In our primes (i.e. before the age of 60), Scott and I played countless games of tennis at which he beat me 95% of the time. We began playing in Saskatoon, where we both lived at the time. I can’t remember how or why we started our tennis sessions because I had no idea of how the game was played. But how hard could it be? You knocked a ball over a net with a racket, trying to get the other guy to fail, knocking it back over at you. All my years of playing hockey and golf surely lent me some skills at hitting a ball over a net with a racket.

 

Apparently not. But we played anyway because it was a “good workout”. I am six-foot-one; Scott would have been five-foot-eight if he stood on his toes.

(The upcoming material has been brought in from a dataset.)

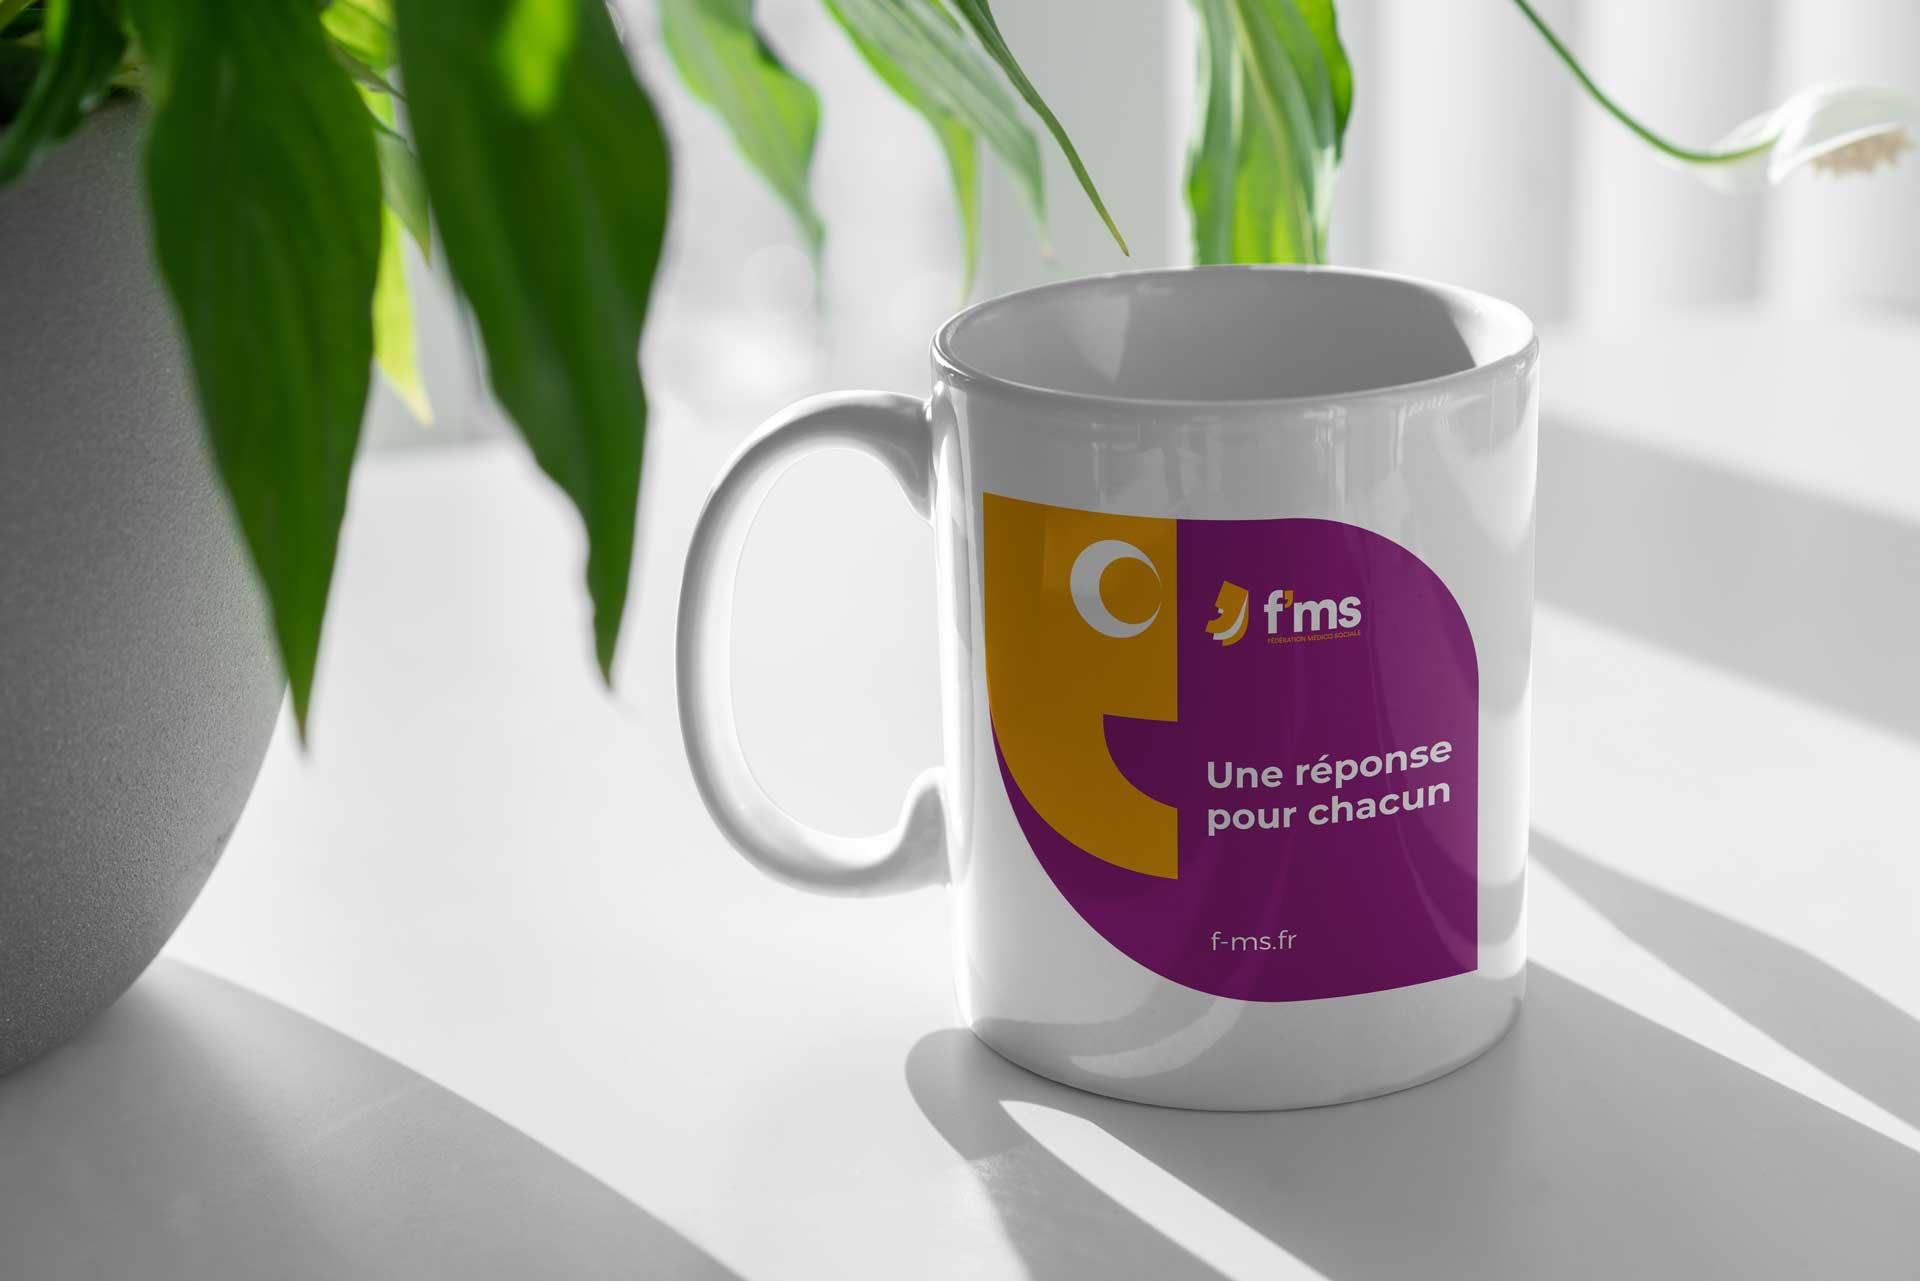 lezardscreation agence communication publicite vosges remiremont fms fms free mug mock up copie

I could not beat him. The only shot of mine that he had a hard time handling was a backhand slice. It landed at his feet and never seemed to bounce in the direction it was heading. So, I used it as often as I could—once or twice a game. Scott was a good enough player that he kept the ball away from my backhand. He made me hit my listless, pathetic forehand—usually into the net or beyond the backcourt. I had no control over it whatsoever.

 

Still, we played on, and when I was writer-in-residence in Estevan, we played there in that stupid, ceaseless wind where he continued to beat me. However, he didn’t come to Estevan to visit me and beat me at tennis; he came to rekindle a relationship he had fomented years earlier in Yorkton, where he had been a newspaper reporter back when small towns had newspapers and actual reporters working for them. He had taken a strong liking to the school librarian in Yorkton and was pleased to learn that she had relocated to Estevan. Laurel did not play tennis but had many other attributes that endeared her to Scott, among them a love of books. Scott was a writer.